* _Task_:
Produce an exact transcription of the data, with the images left out.

* _Data block_:
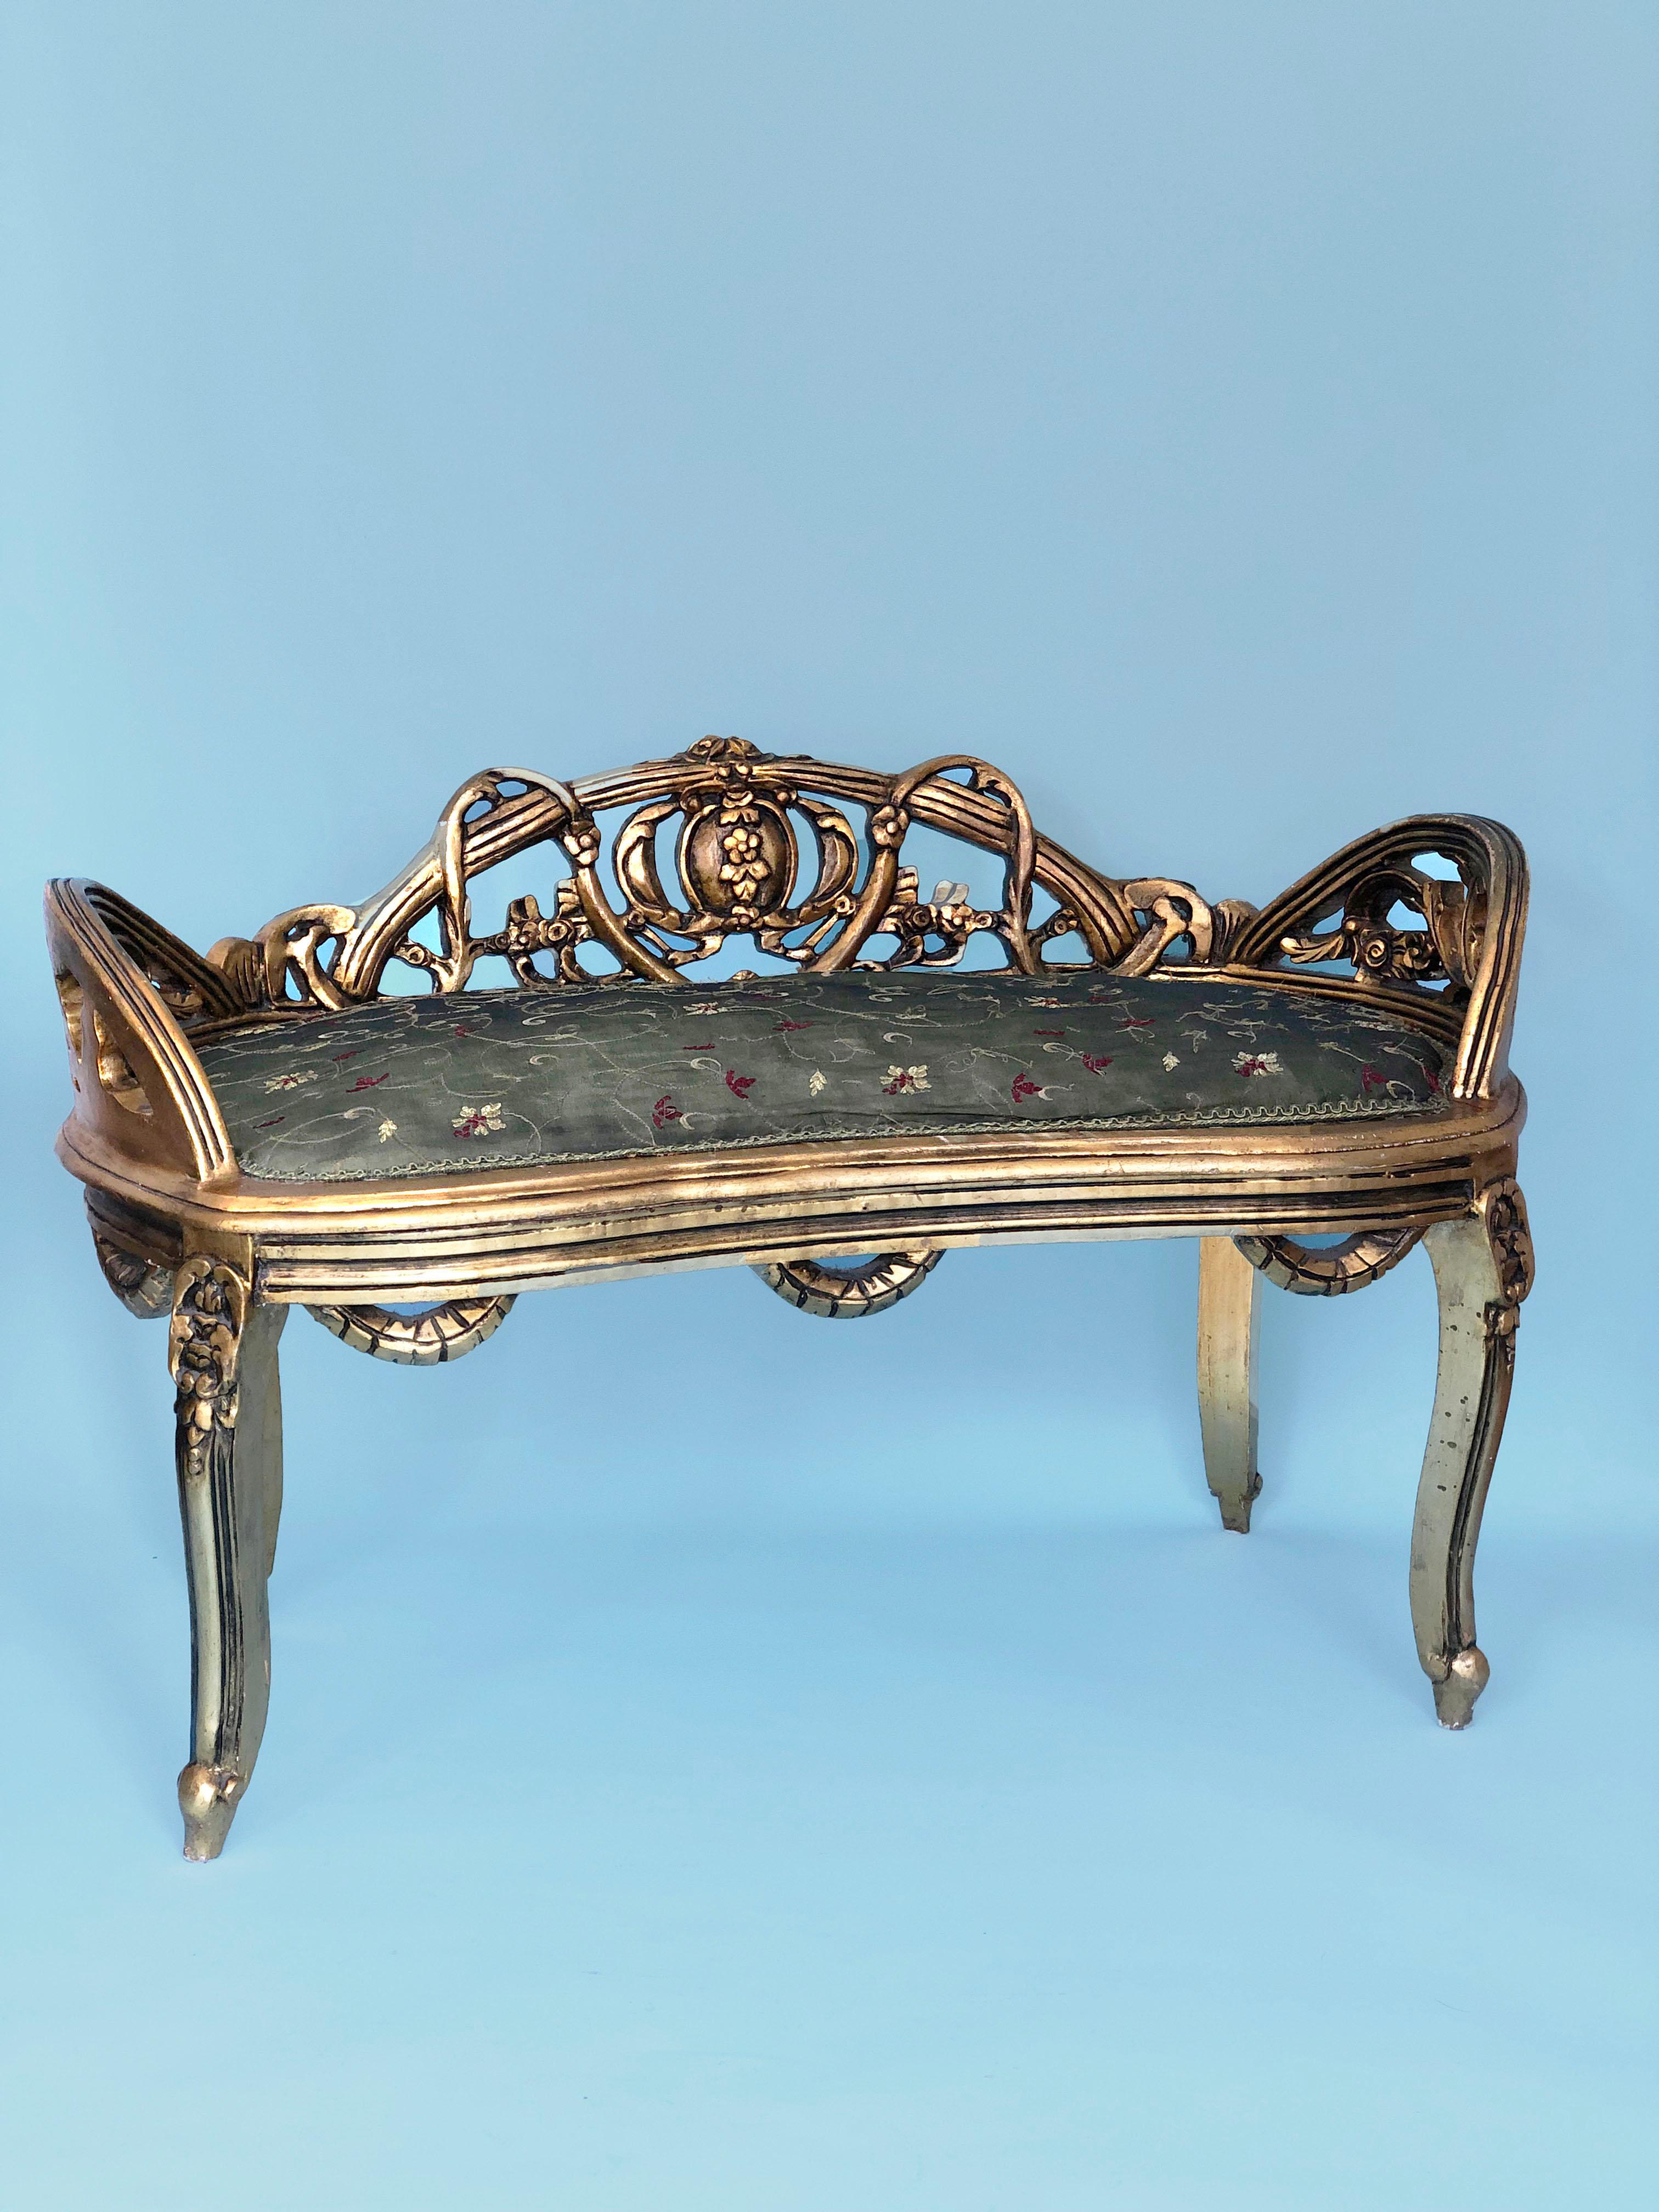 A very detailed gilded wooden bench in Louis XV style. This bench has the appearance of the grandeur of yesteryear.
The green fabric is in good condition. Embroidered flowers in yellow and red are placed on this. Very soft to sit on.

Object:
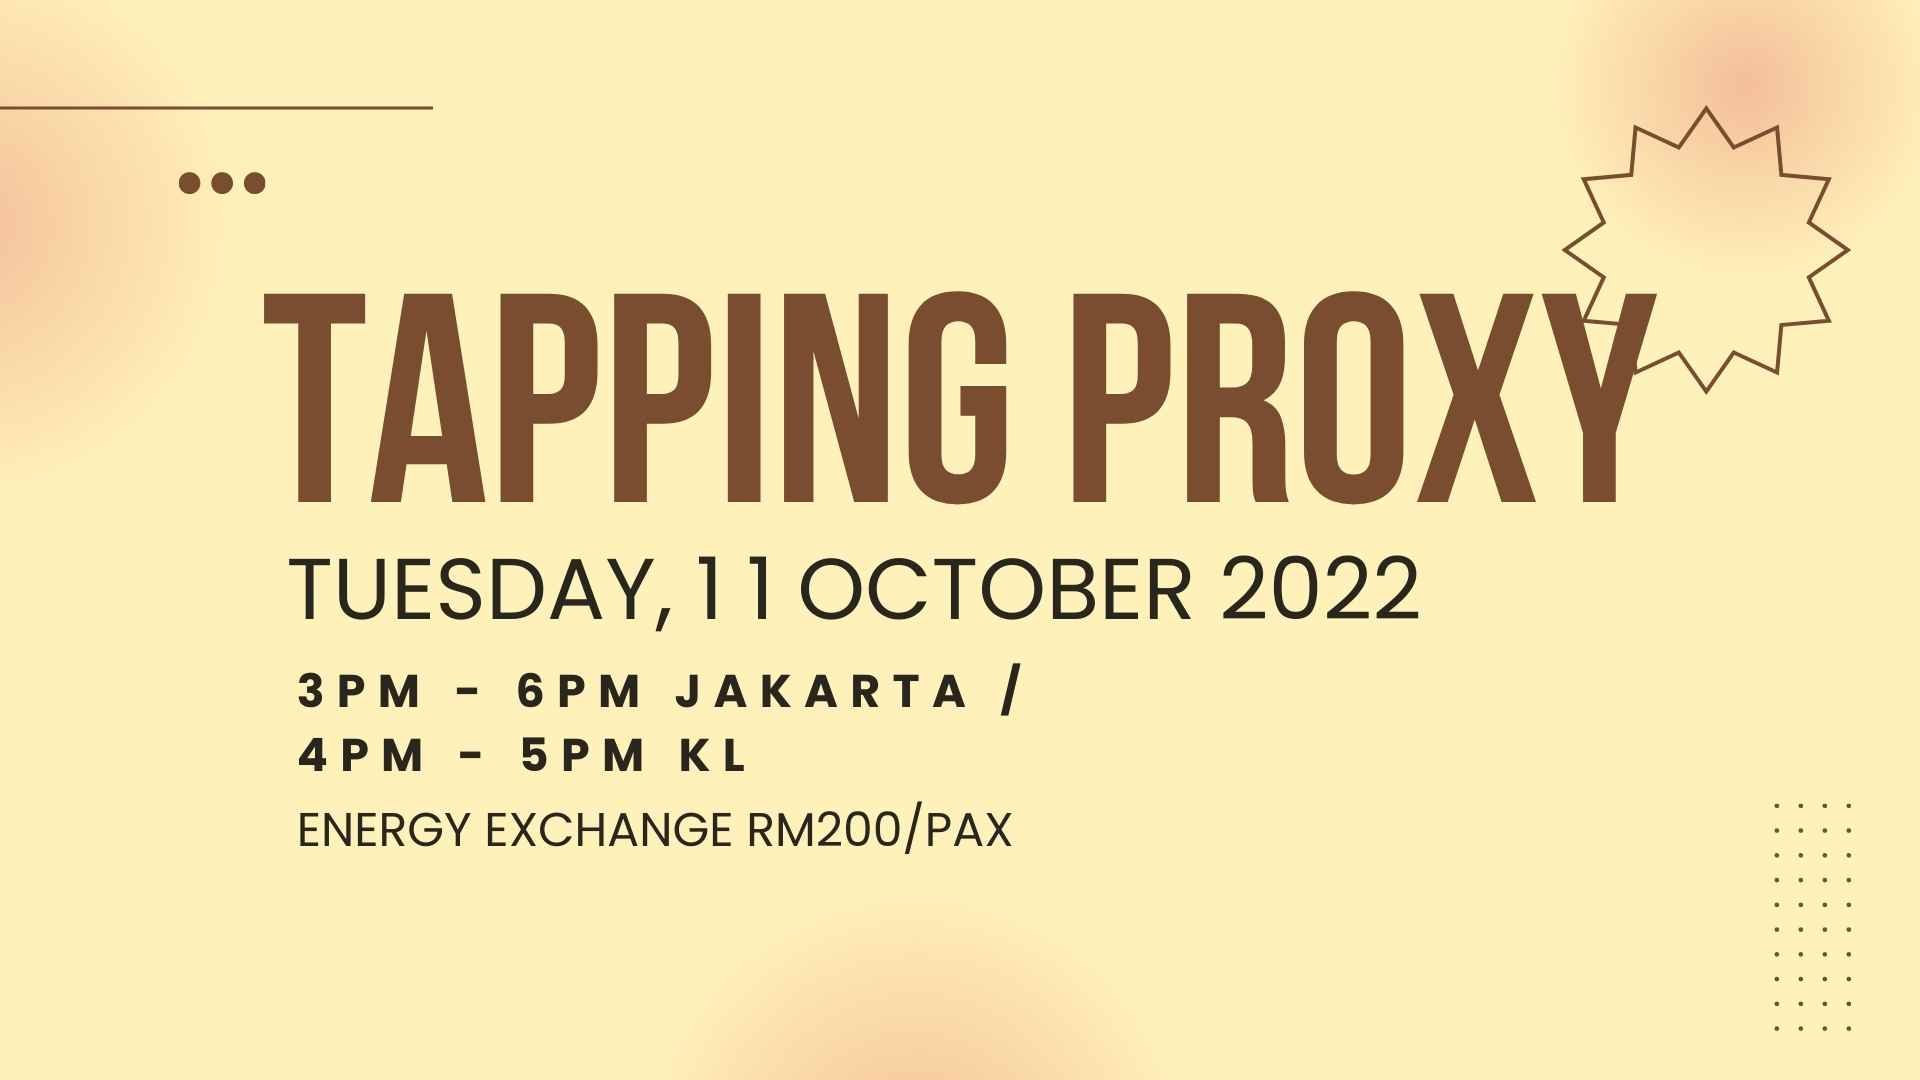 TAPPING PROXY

* _Result_:
 A very detailed gilded wooden bench in Louis XV style. This bench has the appearance of the grandeur of yesteryear.
The green fabric is in good condition. Embroidered flowers in yellow and red are placed on this. Very soft to sit on.

Object:
 TAPPING PROXY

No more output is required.